To obtain a preliminary understanding of repetitive content in these genomes, we first analyzed the frequencies of 15mers in 28 Mbp samples from both genomes (consisting of a random 28 Mbp sample from the copperhead and all of the python data). We chose 15mers because, by chance, any one 15mer should occur only about once in a genome of this size, making high-copy 15mers extremely infrequent by chance and thus indicative of repetitive elements (Gu et al. 2008). Both species contained similar amounts of single copy 15mers (15,364,028 in the python and 17,186,377 in the copperhead), but the python had more low-to-moderate copy number 15mers (i.e., 2–10 copies; fig. 1A). In contrast, the copperhead had more high-copy 15mers (fig. 1A), suggesting that it has more highly similar (recently expanded) repeat elements, whereas python repeat elements are comparatively older and/or fewer in number. Analysis of the anole lizard (Anolis carolinensis) genome revealed a 15mer profile similar to the copperhead (fig. 1), suggesting that it too has a substantial number of recently expanded repeats, and thus a repetitive landscape more similar to the copperhead than the python.

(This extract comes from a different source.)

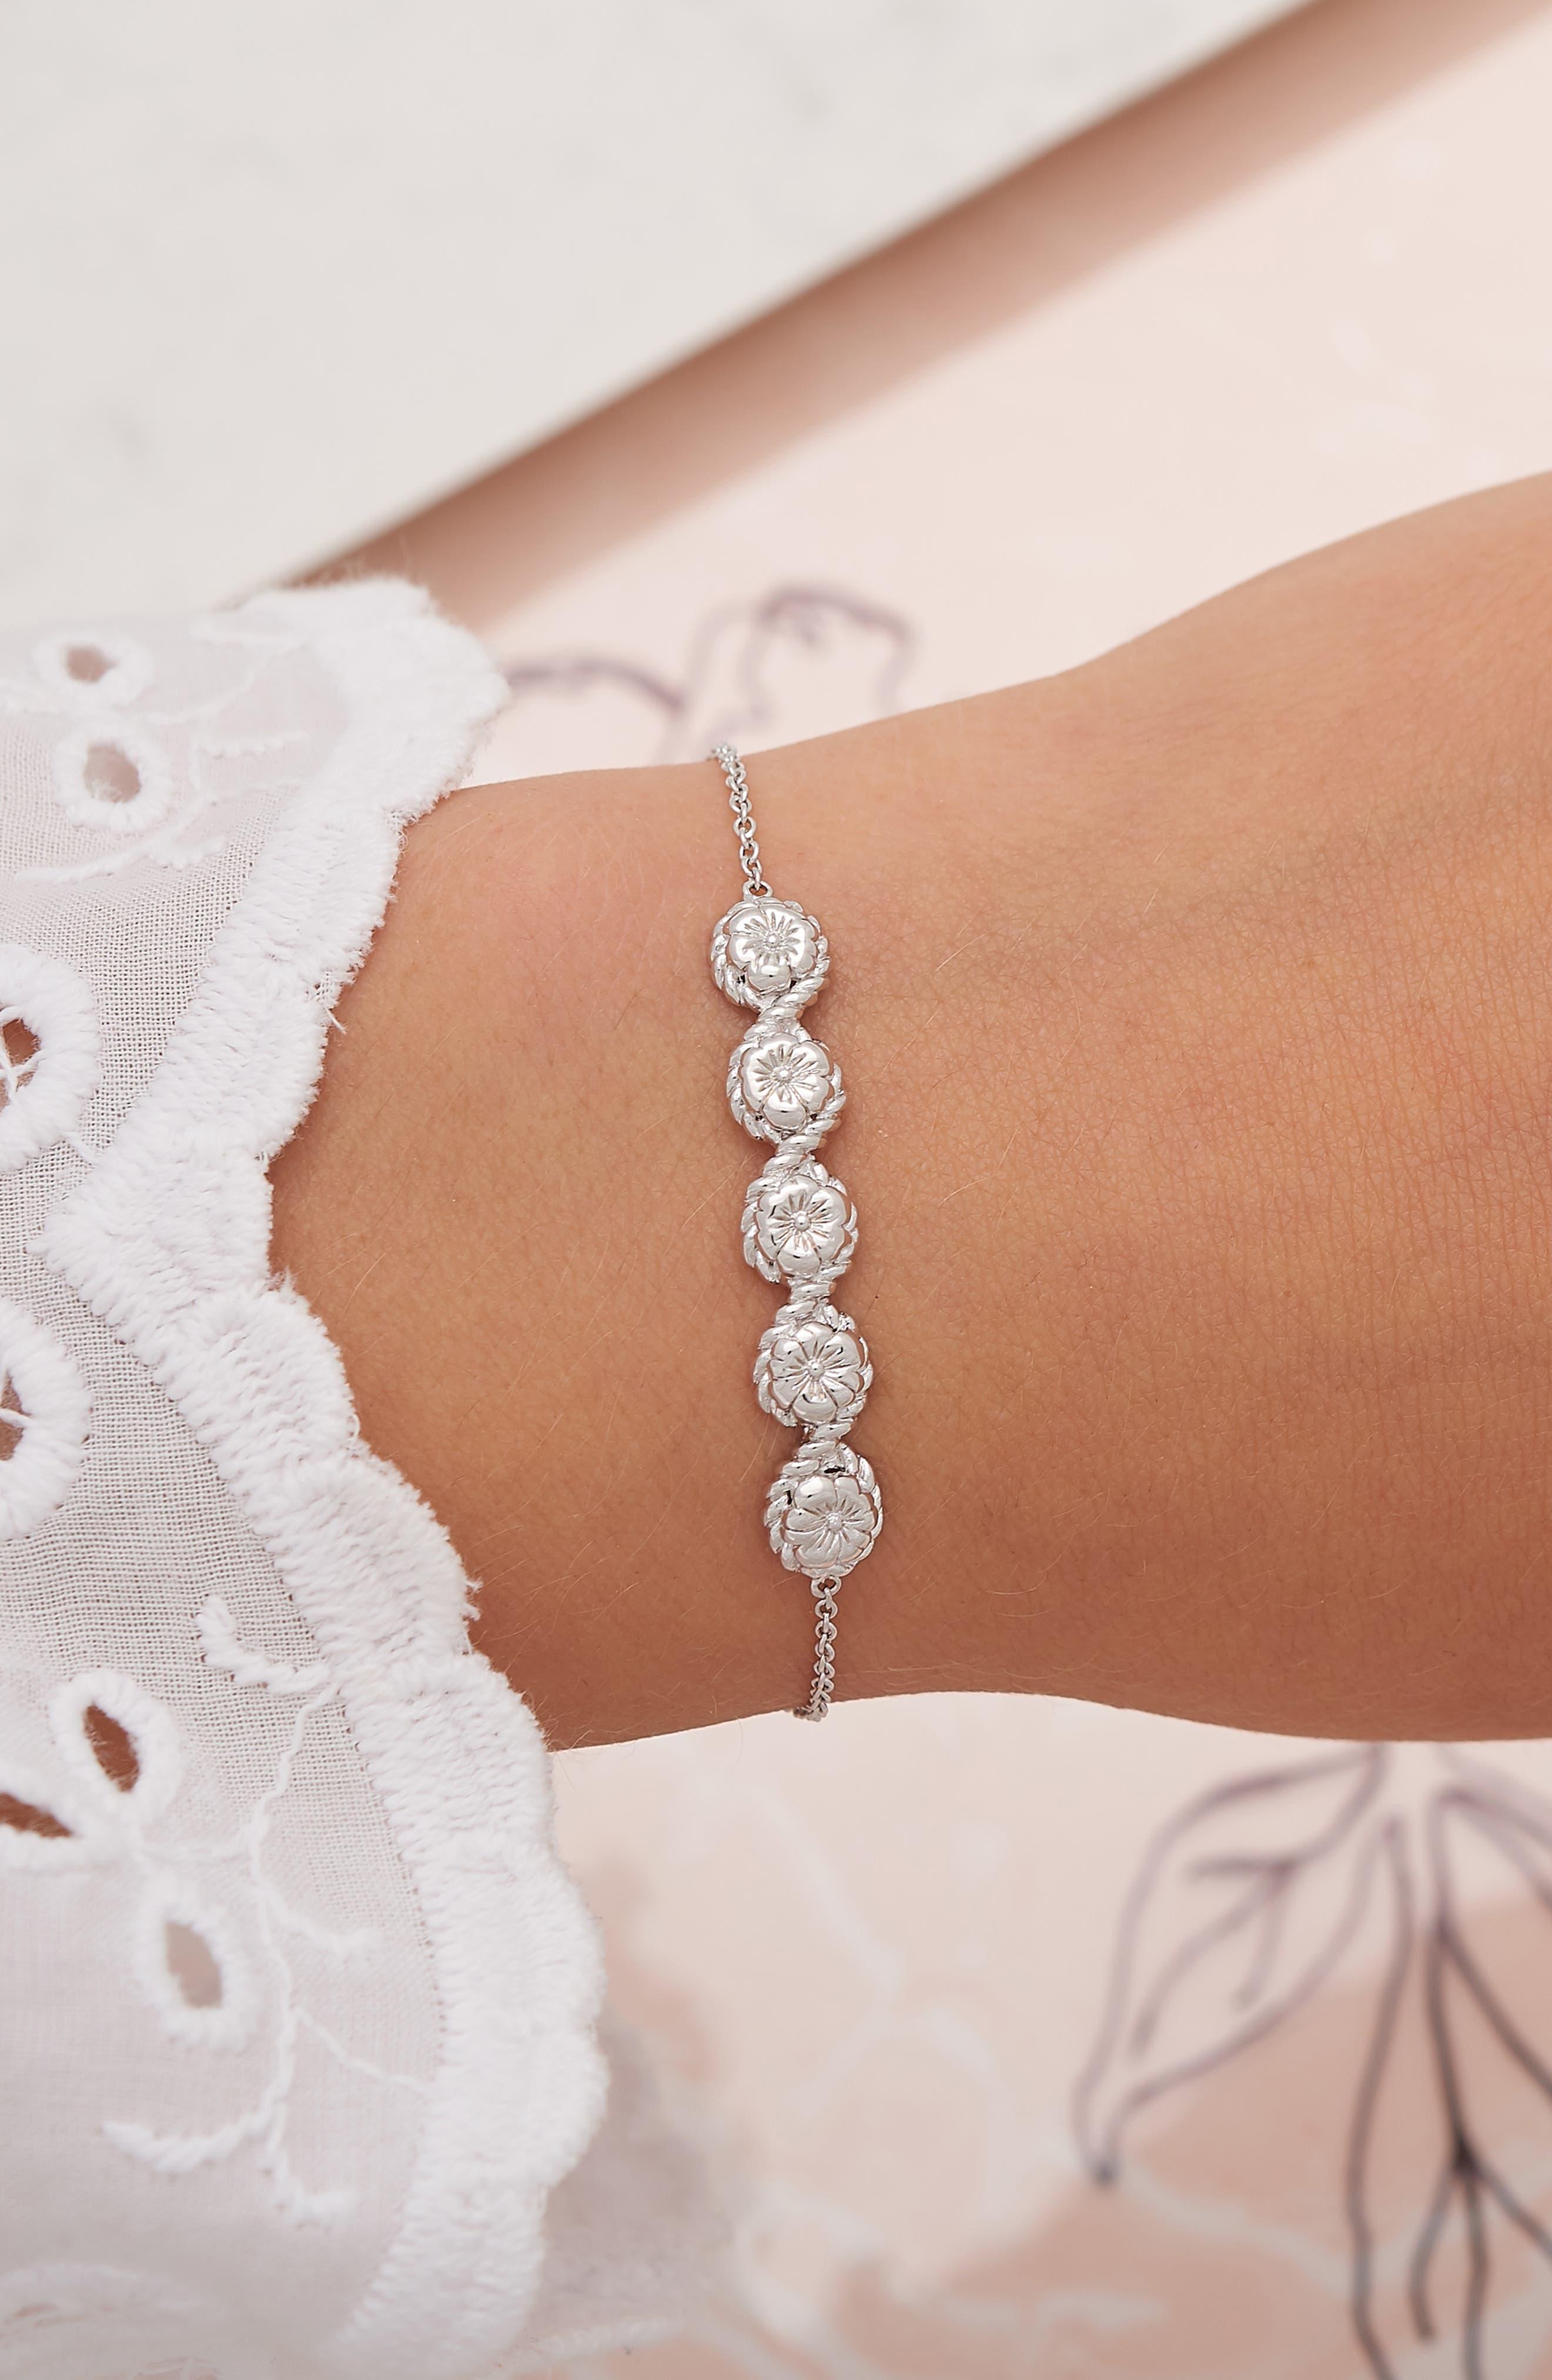 Flower Show Rope Chain Bracelet,                             Alternate thumbnail 2, color,                             SILVER
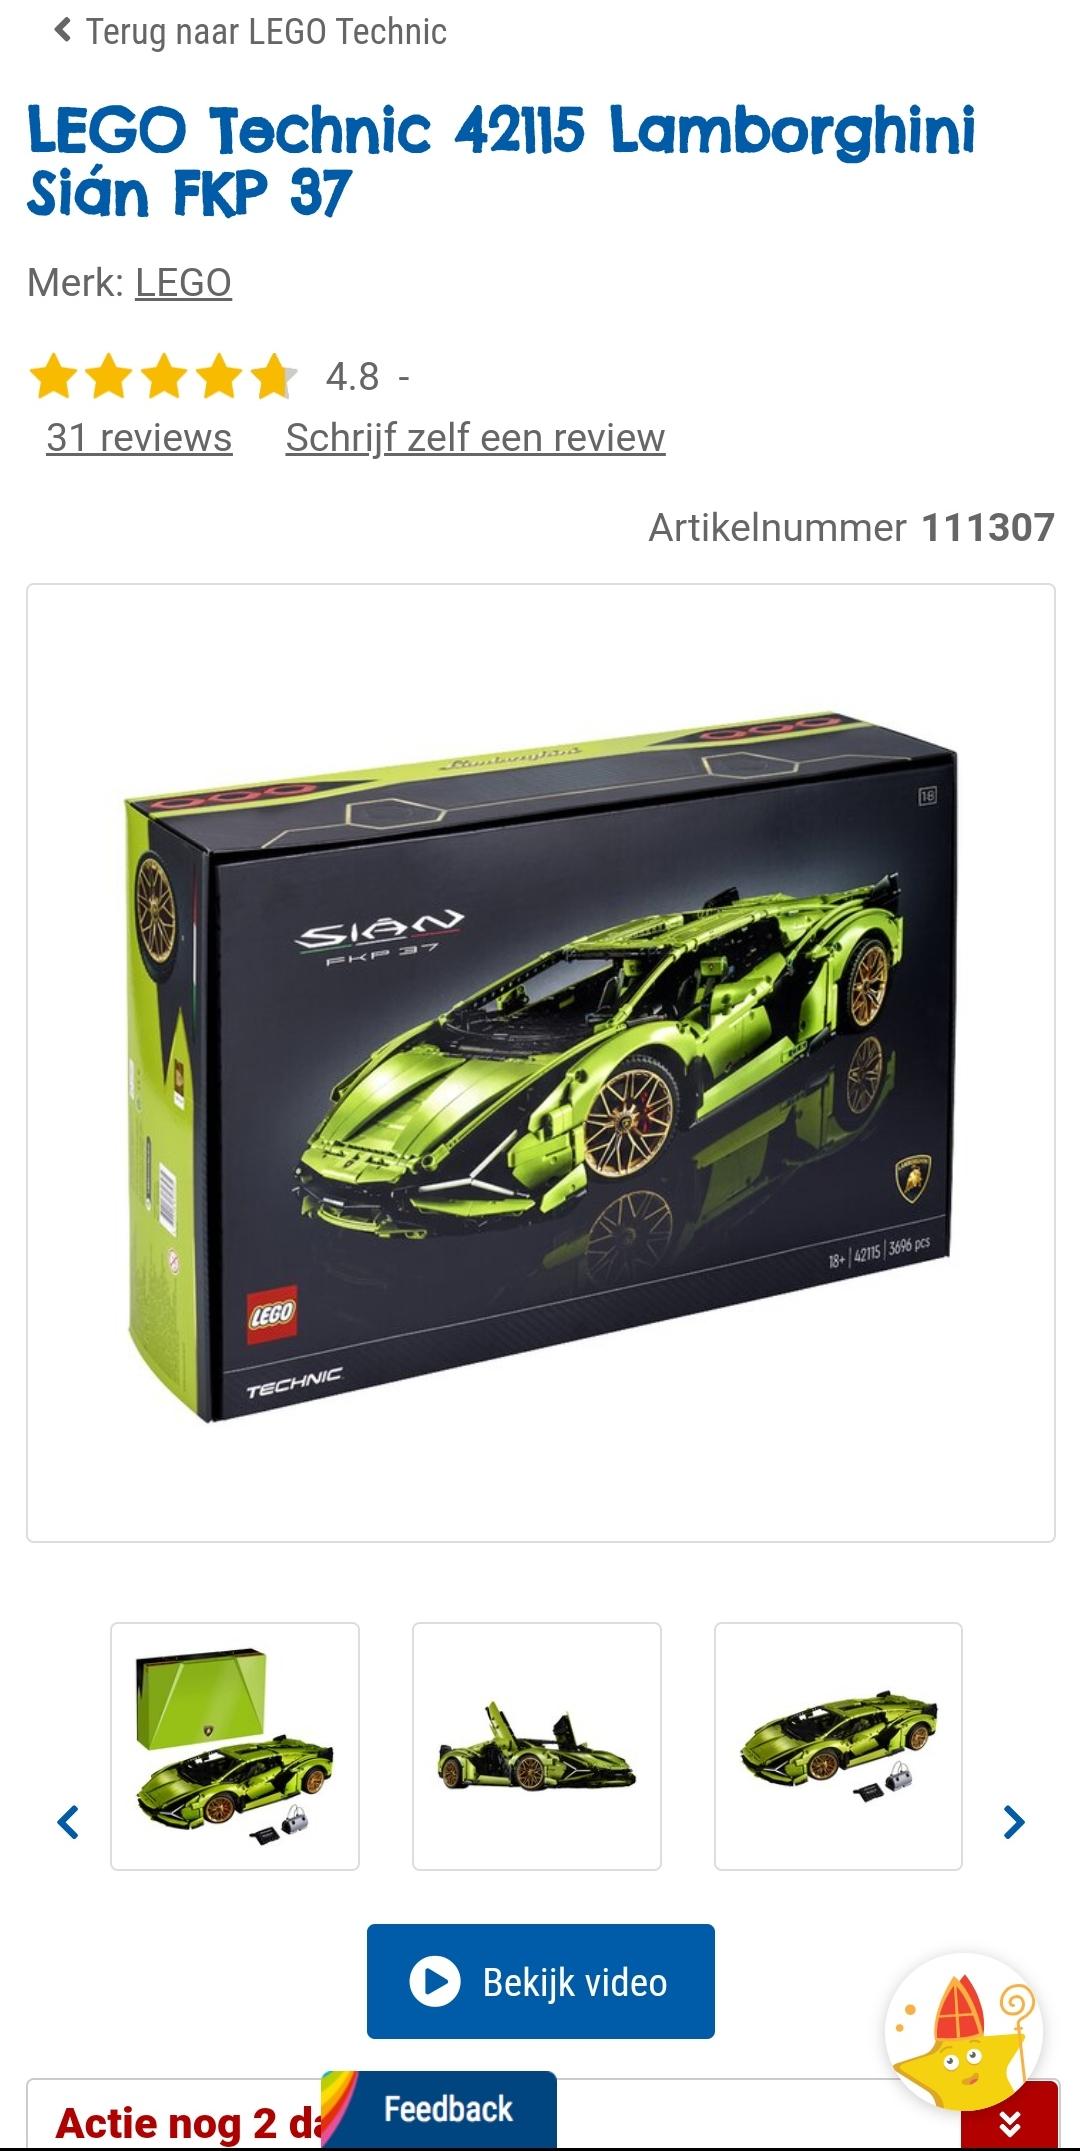 LEGO Technic 42115 Lamborghini Sián FKP 37 - laagste prijs

Identification of Interspersed and Tandem Repeats
The common method of identifying recognizable repeat elements is to scan sequences using a library of known repeat element consensus sequences (e.g., RepBase; Jurka 2000) with sequence similarity-based algorithms such as RepeatMasker (Smit et al. 2010). Such homology-based methods cannot recognize elements not in the database and have low power to identify repeat element fragments, even up to 200 bp, from moderately diverged repeat families (de Koning APJ, Gu W, Castoe TA, Pollock DD, unpublished data). For this reason, the identification of interspersed and tandem repeats in snakes is problematic because there are no closely related organisms in which repeat elements have been studied in-depth, and thus there are no snake-specific repeat libraries available. Because unassembled next-generation sequence reads likely contain many (perhaps mostly) TE sequence fragments, we utilized a three-pronged strategy to evaluate repeat content and maximize detection and classification of repeat elements: first, we applied the P-clouds method, which can estimate the repeat fraction without knowing a priori what the repeat elements are and which is relatively powerful at identifying short repeat fragments (Gu et al. 2008); second, we utilized the “Tetrapoda” repeat consensus library in RepBase to detect similar sequences by homology searching; and third, we used RepeatModeler (Smith A, unpublished data) to identify new snake-specific repeat element clusters (families). We analyzed the output of RepeatModeler with RepClass (Feschotte et al. 2009), a tool that automates the classification of newly discovered TEs (supplementary figs. S2 and S3, Supplementary Material online). Repeat family consensus sequence libraries identified are available at www.snakegenomics.org/SnakeGenomics/Processed_Data.html.
Previous analyses using the P-clouds method have estimated genomic repetitive content in repeat-poor bird genomes at around 40% (Warren et al. 2010), in more repeat-rich genomes of the Anolis lizard at 73.7% (Warren et al. 2010), and in the human and panda genomes at about 70% (Li et al. 2010). In comparison, the P-clouds estimate of the repetitive content of the python genome is 39.8%, similar to bird genomes, whereas the predicted copperhead repetitive content is 55.2%, intermediate between birds and mammals/lizards (supplementary table S1, Supplementary Material online).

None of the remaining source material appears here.